Perbincangan ini juga membahas tentang perempuan muda melalui perjalanan kompleks dan sangat personal dalam proses mencari jati diri. Dalam perjalanan itu, mengenali akar budaya bisa menjadi tuntunan menenangkan dan memperkuat.
"Aku percaya setiap perempuan punya perjalanan unik dalam menemukan dirinya. Proses itu enggak pernah instan. Justru di tengah pencarian itu, penting banget punya pegangan dan kebaya bisa jadi salah satunya," kata Andien.
Bagi Andien, kebaya bukan cuma tentang tradisi, tapi tentang mengenal jatidiri, dari mana berasal, dan apa yang ingin diwariskan.
"Melalui gerakan Kita Berkebaya, kami ingin bilang bahwa mengenal budaya bukan berarti kembali ke masa lalu, tapi membawanya ke masa depan dengan versi kita sendiri. Harapanku, kebaya bisa terus hidup, bukan karena dipaksa, tapi karena dicintai,” ujar Andien.
Diskusi sesi kedua bertajuk "Berdaya Lewat Kebaya: Menjadi Sosok Otentik Perempuan Berkebaya yang menghadirkan Tara Basro, aktris dan aktivis, sebagai pembicara.
Tara Basro berbagi soal menjadi perempuan otentik yang tetap berpegang kepada nilai budaya di tengah spotlight. Kebaya bisa menjadi pernyataan kuat untuk menunjukkan siapa perempuan Indonesia luar dalam.
“Buat aku, kebaya itu punya ruang tersendiri di hati, karena dia bukan sekedar baju, tapi punya cerita. Di dunia yang serba cepat dan serba instan, justru kebaya mengajarkan kita sadar sama akar kita," kata Tara Basro.
Anak muda sekarang, ujar Tara, kreatif.

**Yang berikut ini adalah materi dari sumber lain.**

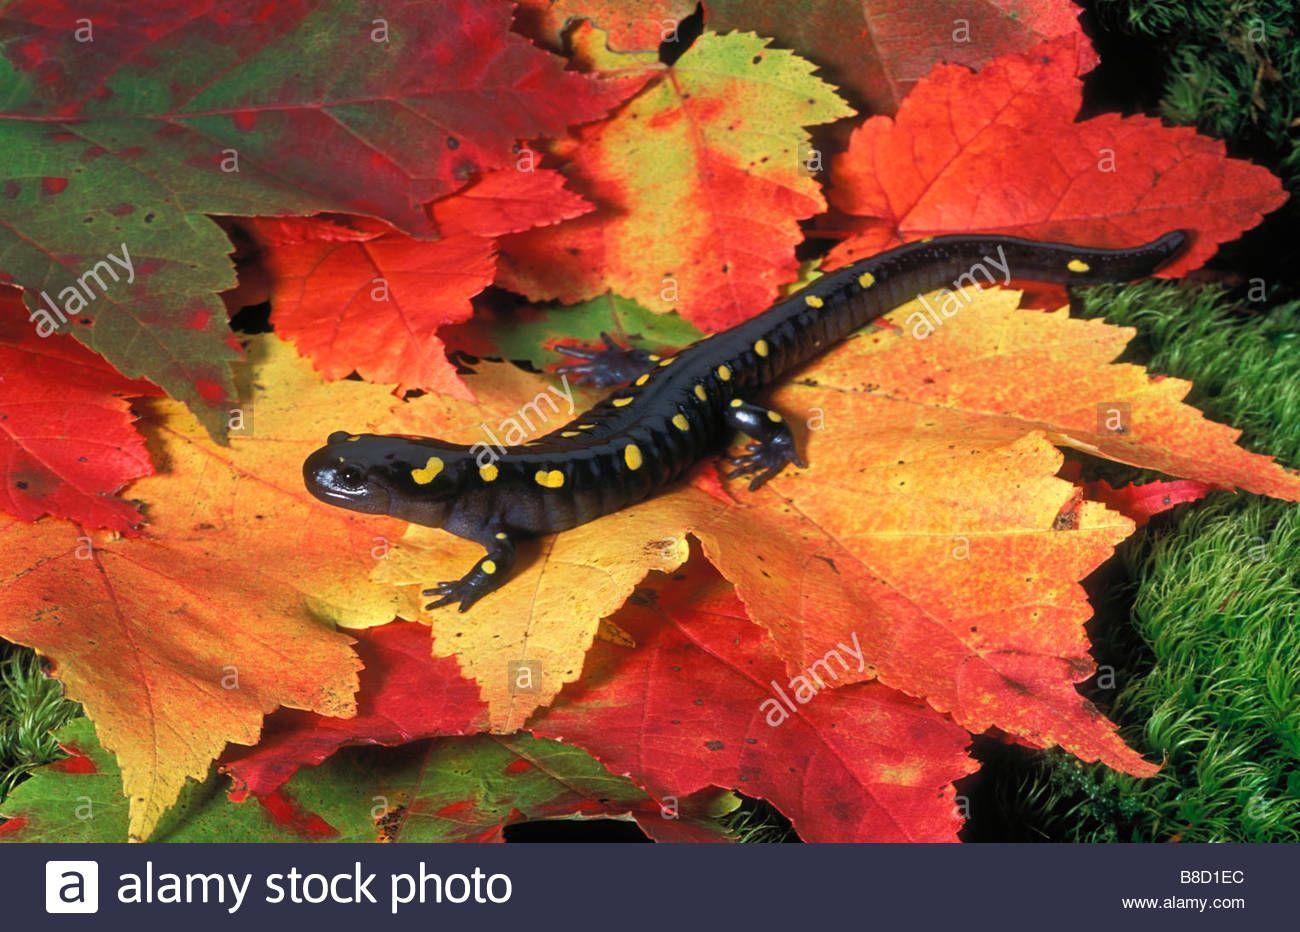 Scorpion Scorpion, Animals, Ticks

Menurutnya, kebaya bisa menjadi media ekspresi personal. Kebaya bisa di-mix and match, tapi tetap membawa nilai-nilai budaya.
"Jadi kebaya itu bukan soal harus tampil tradisional, tapi soal cara kita menghidupkan lagi sesuatu yang bermakna dengan cara kita sendiri. Itu yang bikin dia tetap relevan dan powerful,” ujar Tara Basro.